Figure. A schematic of single-droplet surface-enhanced Raman spectroscopy (SERS): We showed that the surface-modified silver nanoparticles get spontaneously encapsulated within the protein-rich condensed phase and generate plasmonic hotspots resulting in the enhancement of Raman signals.

In this direction, we engineered and prepared negatively charged iodide-modified silver nanoparticles to unveil the inner workings of mesoscopic liquid droplets of ALS-associated Fused in Sarcoma (FUS) in the absence and presence of RNA. The electrostatic interaction between the positively charged RNA-binding domain (RBD) of FUS and the negatively charged surface-coated plasmonic nanostructures leads to the spontaneous encapsulation of these SERS substrates within FUS droplets with an enhancement in the order of ≥ 104 in our SERS experiments (Figure). Adsorption of the plasmonic substrate to the structured C-terminal RBD of FUS leads to significant enhancement of arginine residues and the structured domains, primarily α-helices. Both single-droplet normal Raman and highly sensitive single-droplet SERS experiments elegantly illuminate the conformational landscape within liquid droplets of FUS. We could capture the conformational heterogeneity and intrinsic disorder of FUS within droplets with a conformationally restricted environment around several aromatic amino acid residues such as tyrosine and tryptophan residues in the condensed phase hinting at intermolecular π-π and/or cation-π interactions within the condensates.

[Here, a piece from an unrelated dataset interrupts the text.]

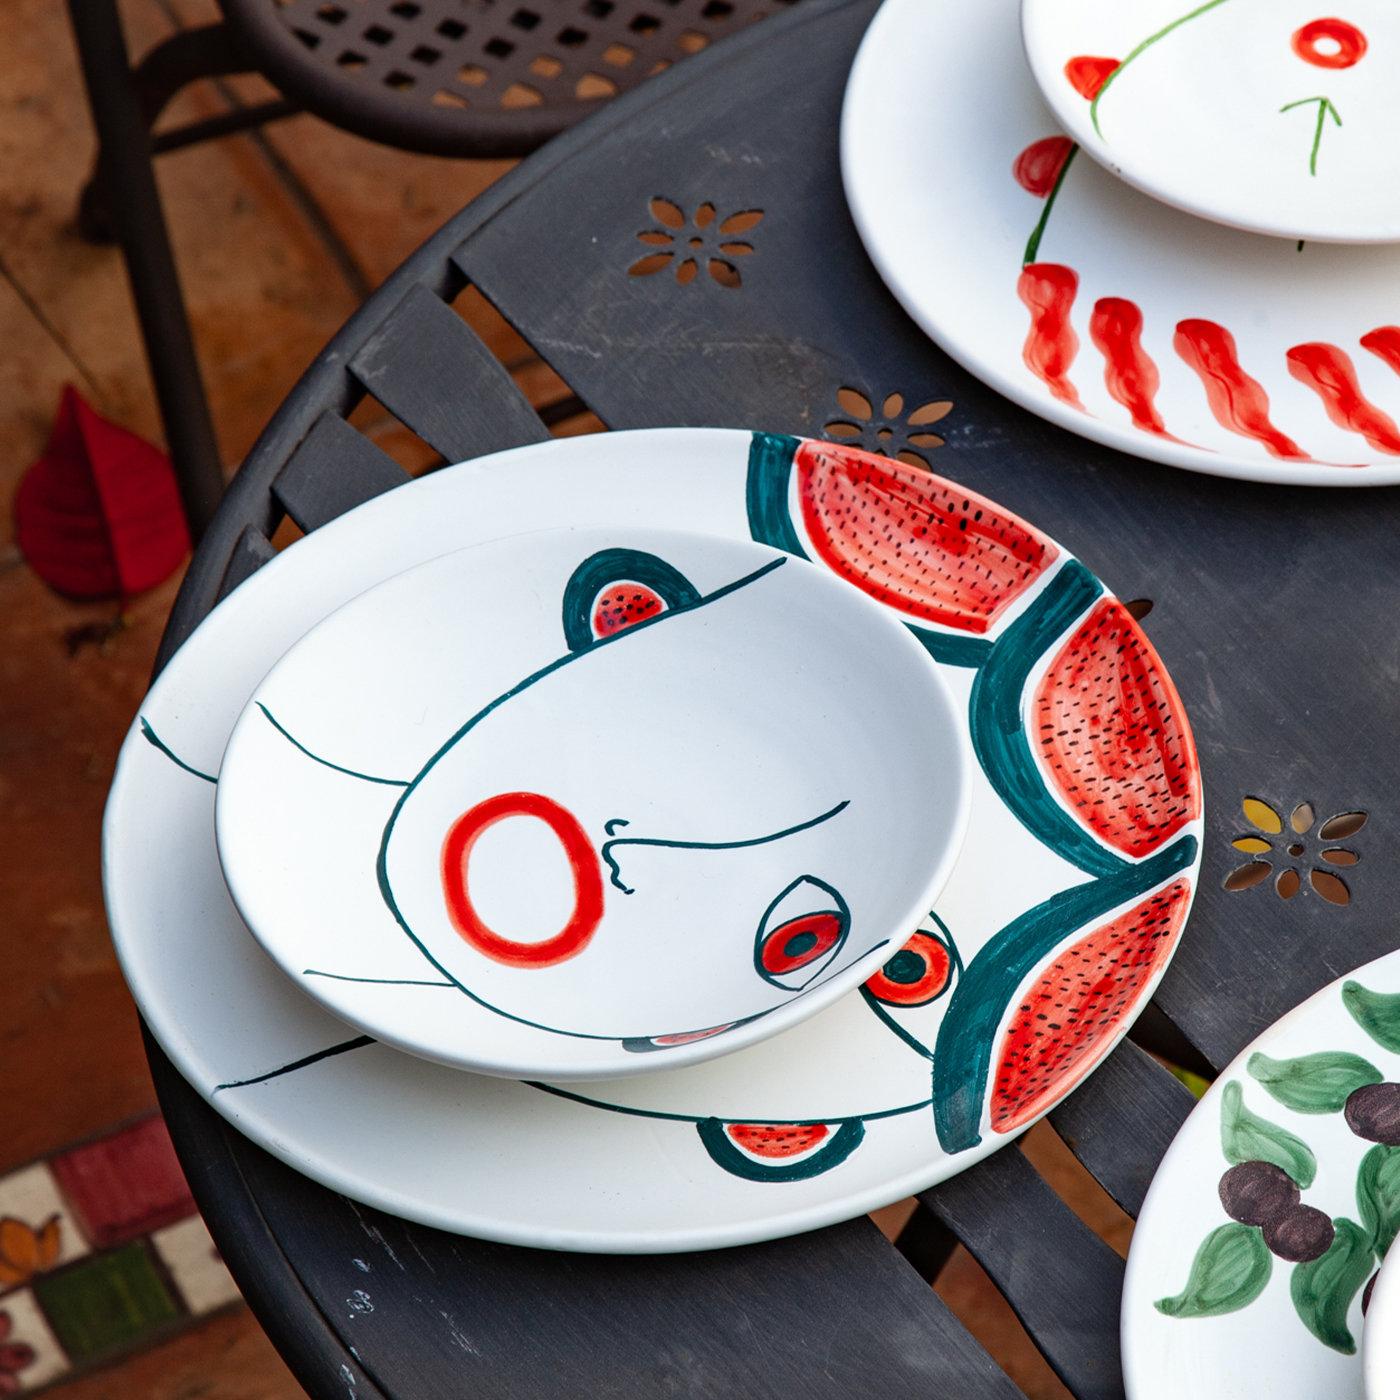 Handcrafted of matte-white-glazed ceramic and finely hand-painted by Patrizia Italiano as an homage to Sicilian local markets, this stylish and fresh set includes two dinner plates (⌀ 30 cm) and two soup plates (⌀ 18 cm) embellished with colorful

Given the potential of single-droplet SERS, we decided to apply this method to elucidate the effect of RNA on the chain conformations within the droplets. Phase transition of FUS is well-known to be modulated by RNA-protein stoichiometry10. We showed that FUS binds stoichiometrically to RNA, which can be further used to estimate the stoichiometry of other heterotypic biomolecular condensates of proteins and nucleic acids. The negatively charged phosphate backbone of RNA competes with the plasmonic nanostructures for interaction with the C-terminal domain of FUS that modulates the polypeptide orientation on the SERS substrate surface. These changes in the orientation of the polypeptide chain cause a reduction in the enhancement of the arginine residues and changes in the intensities of several vibrational modes associated with aromatic residues. Interestingly, our SERS experiments showed that the ordered C-terminal RBD undergoes partial unwinding in the presence of RNA that can promote homotypic (protein-protein) and heterotypic (protein-RNA) interactions within the condensed phase. This unraveling of the structural domain increases the chain disorder at the expense of α-helical content within the droplets.

In summary, we have developed a unique single-droplet surface-enhanced Raman scattering (SERS) methodology that can serve as a potent tool to discern the key molecular interactions and residue-specific structural information within the condensed phase, which can potentially discern the mechanism and regulation of condensate assembly and dissolution. Thoughtful engineering of these SERS substrates using different surface functionalities and other metals can enhance a unique set of vibrational bands that can be utilized for ultra-sensitive detection, characterization, and quantification of a wide range of biomolecular condensates involved in physiology and disease.